Dubai: In a timed move, a coffin containing the remains of an unspecified number of Israeli soldiers who were left behind after the July 2006 war on Lebanon were swapped with the convicted Hezbollah spy in Israel, Nassim Nisr.

The swap was conducted at Naqoura border crossing in southern Lebanon.

Israel said the Hezbollah move to release the remains of what is suspected to be army soldiers is not linked with the handing over of Nisr to Lebanon, but a senior official from Hezbollah told Gulf News in a telephone interview that the swap crowned months of negotiation through German mediators.

Dr Hussain Rahal, head of media relations at Hezbollah, said the negotiation with the Israelis is still on for further swaps of prisoners of war.

An official from Hezbollah, who spoke on condition of anonymity, told Gulf News that Israel was not willing to publicly link the release of Nisr and the handing over of the remains of soldiers to control criticism by the Israeli public over swapping Arab prisoners with the remains of dead soldiers.

Rahal told Gulf News: "Anybody could judge by himself if the timed swap operation was linked or not. I have no right to reveal negotiation secrets because we are still talking through German mediators to secure the release of other Lebanese prisoners in Israel."

He said Hezbollah is not going to reveal the number of soldiers whose remains were handed over to Israel yesterday and that the party has more to bargain for the release of Lebanese prisoners of war in Israeli prisons.

Yesterday's move raised hope about the release of Lebanese prisoners from Israel. The party officially announced that it will not return the two Israeli soldiers captured by the party on the eve of the July 2006 war against Lebanon unless the longest-serving Arab prisoner in Israel, Samir Qantar, is released along with other Lebanese prisoners in Israel. Qantar is serving a life term for killing an Israeli family in a northern Israeli colony. He has been in jail for the past 29 years.

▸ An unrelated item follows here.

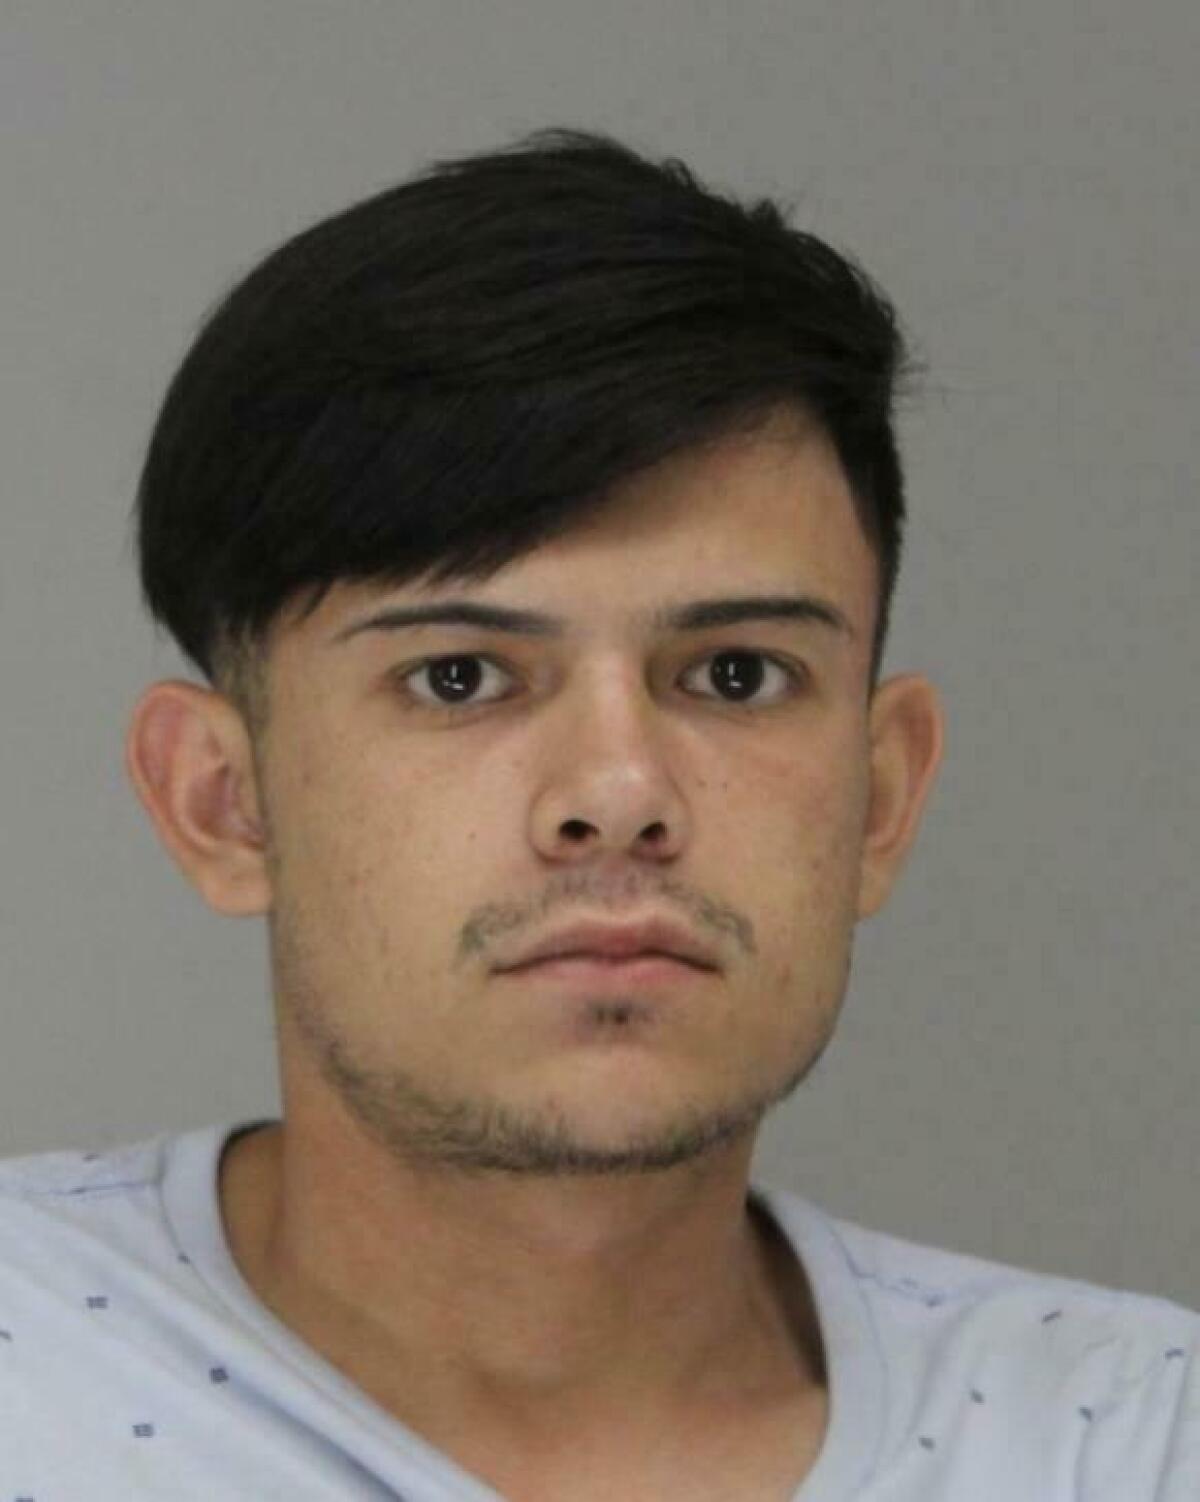 FILE -This undated photo provided by the Dallas County Sheriff's Department in Dallas, Texas shows Ruben Alvarado. Alvarado, who strangled a transgender woman to death and dumped her body in a lake in 2019 was sentenced Thursday, Nov. 11, 2021 to 37 years in prison. (Dallas County Sheriff's Department via AP, File)

Last week, Israel said it was ready to release five Lebanese prisoners and return the bodies of 10 Hezbollah fighters in exchange for the two soldiers, Eldad Regev and Ehud Goldwasser, whose capture in ambush near the Lebanese border sparked the July 2006 Israeli war.

The largest exchange of prisoners between Hezbollah and Israel was finalised in January 2004 when 400 Palestinians and 31 Arabs from different nationalities, including 23 Lebanese, were released in exchange for an Israeli reservist and businessman, Elhanan Tennenbaum, and the remains of other three Israeli soldiers.

Mohammad, Nassim's brother, told reporters Israel put pressure on Nassim to abandon plans to return to Lebanon with his daughter leaving his Israeli wife behind.

Key facts: Charged with spying

  • Nassim Nisr, 40 years old and a father of three, born to a Shiite father and a Jewish mother.
  • Valentina Nisr, Nassim's mother, converted to Islam.
  • She migrated with Nassim, then 24, to Israel under the Law of Return, which allows any Jewish man or woman to return.
  • The mother and her son maintained that they migrated to Israel to improve their quality of life and had nothing to do with sentiments against Zionism.
  • Nassim enjoyed the rights of full Israeli citizenship since he was considered a Jew under Judaism, which considers every man or woman born to a Jewish mother as a Jew regardless of their father's faith.
  • The spying case found Nassim guilty of passing information to a senior Hezbollah officer, as well as photos of one of his relatives who was a high-ranking Israeli security official.
  • Nassim took photos and gathered intelligence on potential gas and electrical facilities to be used as targets by Hezbollah. He said he did so under his own initiative without being asked to do so.
  • He told the court that Hezbollah asked him to establish contact with high-ranking military officers to solicit intelligence and to try and gauge public sentiment in Israel after Hezbollah attacks on Israel.
  • He told the court he was proud of the charges because he saw himself "as a Lebanese patriot and as a Muslim".
  • Earlier this year, Nassim completed his six-year sentence, but was kept in "administrative detention" to be used as a bargaining chip in Israel's negotiations with Hezbollah to secure the release of two Israeli soldiers, Eldad Regev and Ehud Goldwasser, who were captured by the group on the eve of July 2006 war on Lebanon.